The CAD, AUD, NOK and NZD are all shown gains of 0.5% or more against the USD in the last 24 hours, while EUR/USD is 0.3% lower. In the case of AUD/USD, this is after the pair traded as low as 0.7450 in the immediate aftermath of yesterday’s Q1 Wage Price Index, recording another 0.5% outcome (0.47% to be precise) and reinforcing prevailing sentiment that the RBA is not going anywhere for a good while yet.  This morning’s April labour force data is unlikely to alter this perception.  Incidentally, we’ll be conducting a live webinar on Friday morning (10:00 AET) updating our thoughts on the AUD. Please contact your NAB representative today if you haven’t received an invitation and would like to tune in.

It’s tempting to attribute the AUD’s comeback to reports yesterday that the Kazakhstan central bank has increased its reserve allocation to Australian dollars from 5% to 8%, but for a central bank with barely $4bn worth of reserves the flows involved would barely have touched the sides of the FX market.

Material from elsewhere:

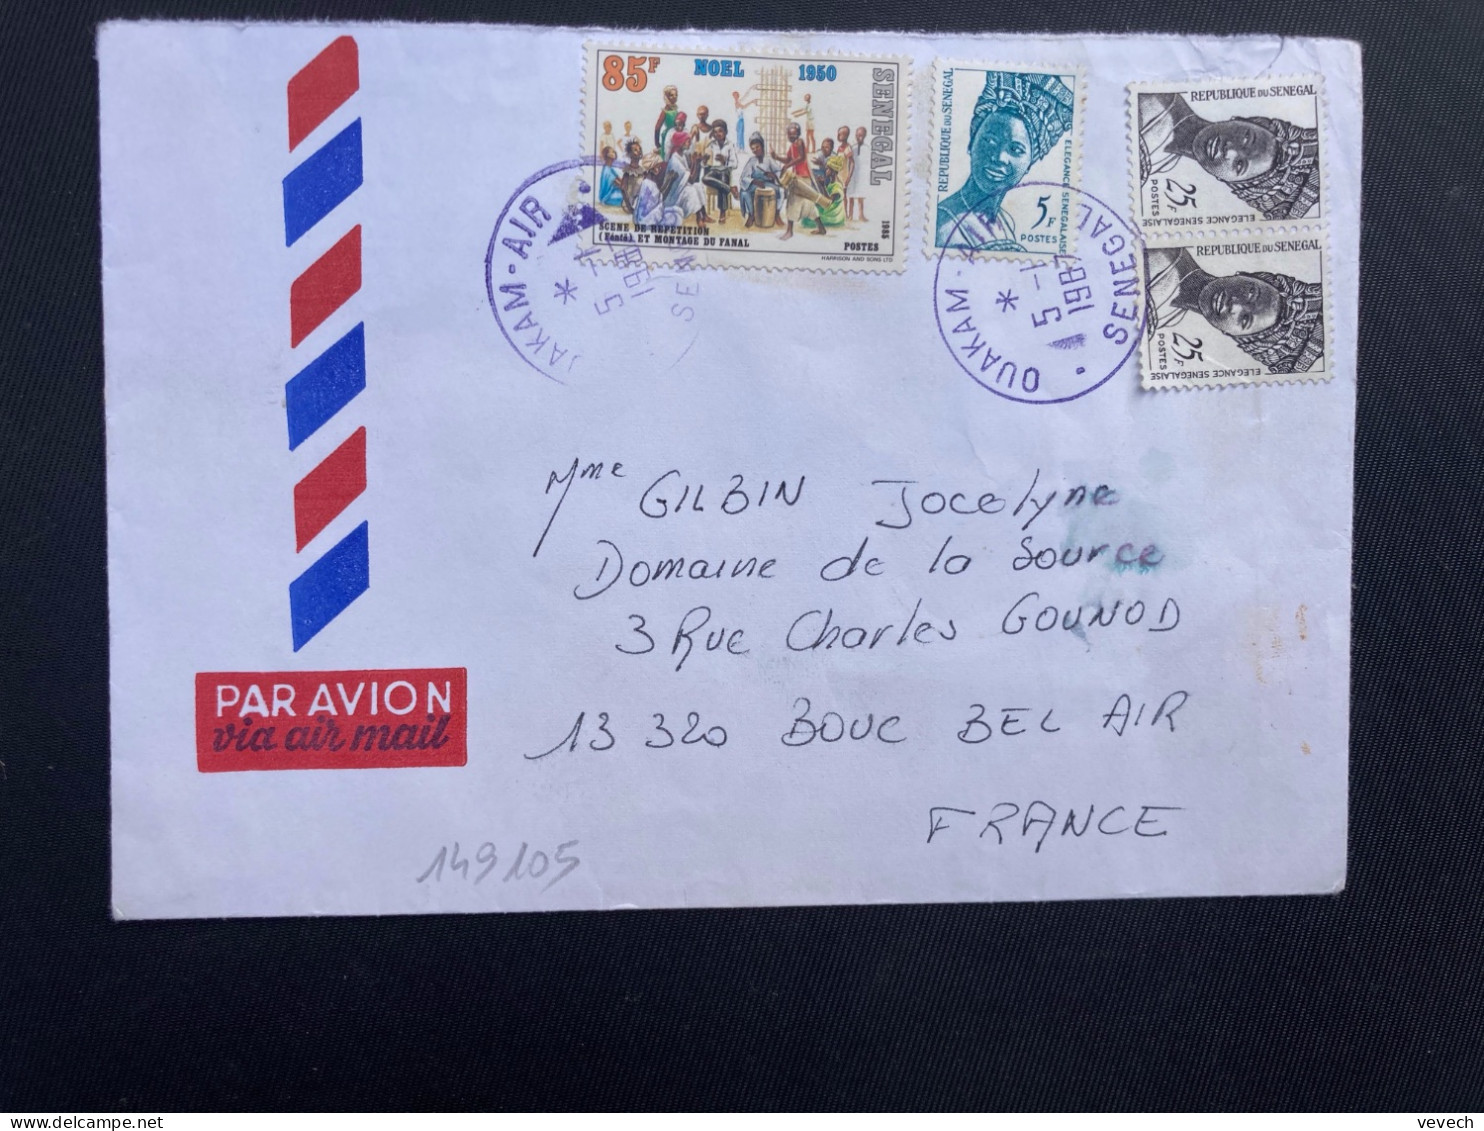 LETTRE Par Avion Pour La FRANCE TP NOEL 85F + ELEGANCE SENEGALAISE 25F Paire + 5F OBL. VIOLETTE 5-1 1987 OUAKAM AIR - Senegal (1960-...)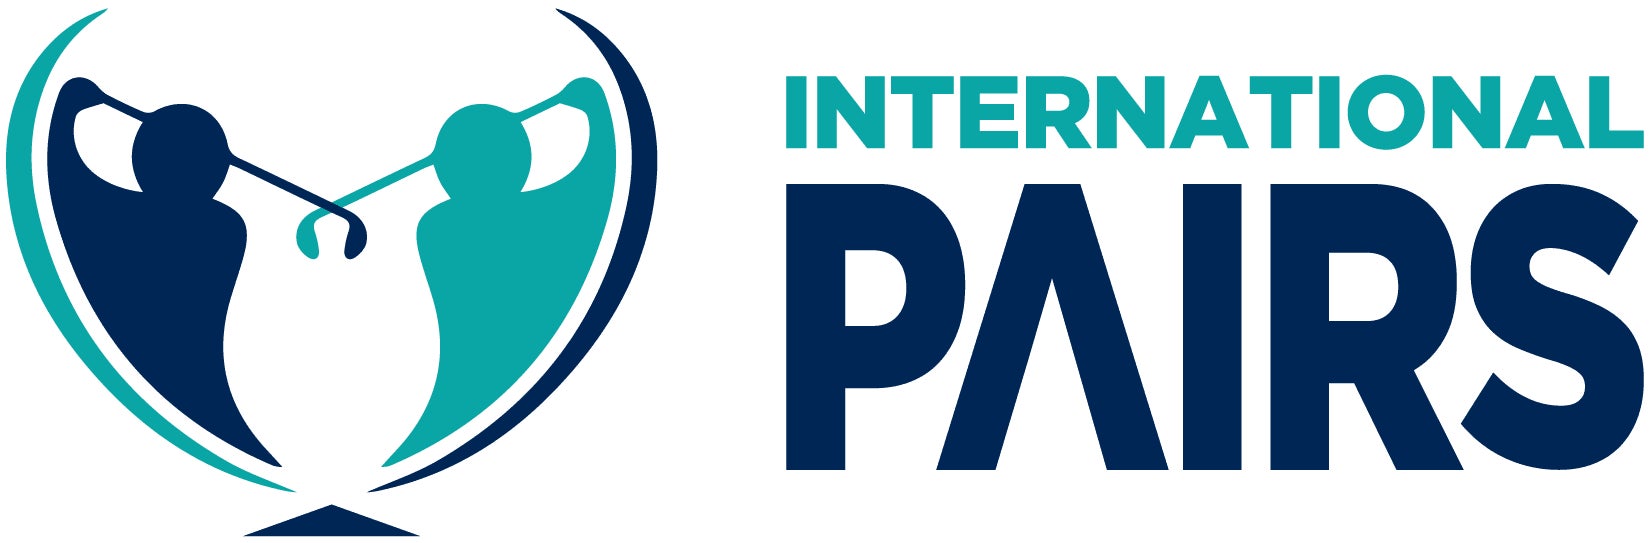 世界27カ国が参加する世界規模のゴルフのダブルス戦「International Pairs Golf」の日本大会を開催

Still, a reminder perhaps that despite the cross-over between US and Australian yields, there is no evidence reserve mangers are in general less willing owners of Australian dollars and related financial assets.

CAD sits slightly above other commodity currencies this morning – seemingly thanks to oil – despite the lack of tangible progress on NAFTA negotiations (recall US House leader Paul Ryan set a deadline of May 17th for a ‘deal’ to be delivered in time to gain approval before the November mid-term elections) and also dovish remarks from Bank of Canada deputy Governor Lawrence Schembri. Schembri said that “in the near term, we have a bit more room than we thought to support demand without sparking undue inflationary pressures,” and the “the faster the economy can grow without inflation rising persistently above our target”.

Upsetting the Euro along with Italian bond markets at the start of the European trading day yesterday was the reporting of a draft of a document emanating from the ’Conciliation Committee’ of 5-Star and League party officials – currently in the throes of trying to form a workable coalition government.  It suggested the ECB should cancel the roughly €250bn worth of debt that the ECB will be holding once its QE bond buying programme is finished (equivalent to about 10% of all outstanding debt).  It also suggests the EU Stability and Growth pact should be radically changed and that the Italian contribution to the EU budget post 2020 should be re-discussed.

All non-starters from the ECB or EU’s perspective of course, and indeed a spokesman for League subsequently made clear to reporters that the ECB debt forgiveness proposal was not a feature of later iterations of the document.  What is being proposed though is that the Italian debt held by the ECB is not counted in terms of calculating Italy’s Debt/GDP ratio (and which in turn imposes constraints on what Italy can do fiscally under the Stability and Growth pact).  The spread of Italian 10-year bonds over German equivalents, currently suits 20bp higher than 24 hours ago. The EUR/USD exchange rate made a low of 1.1764 overnight (its lowest since 19th December 2017) but has since pulled back to just above 1.18.

Incoming US economic data hasn’t been much of an influence on market. US housing starts came in weaker than expected at -3.7% though Building permits at -1.8% was a little less weak than feared.  April industrial  production rose by 0.7% against +0.6% expected.

Coming up

  • Australian April jobs data is released at 11:30 AET. Consensus is for a 20k rise in employment and unchanged 5.5% unemployment rate.  After two months of soft jobs growth the market and NASB expects a bounce back. We are slightly above consensus looking for a 25k rise, consistent with our internal data, solid employment conditions in the NAB Monthly Business Survey and lifting SEEK jobs ads.   Given this, and assuming no change in the participation rate, our expectation is that the unemployment rate will decline slightly, from 5.5% to 5.4%.
  • Mid-day AET sees NZ Budget.  This should show a healthy set of government accounts, allowing the government to make good progress towards its pre-election spending promises and still achieve its net debt target of 20% of GDP within five years. It’s doubtful the Budget will have any impact on rates or the NZD
  • Tonight, the Philly Fed survey and weekly jobless claims are the two US economic releases.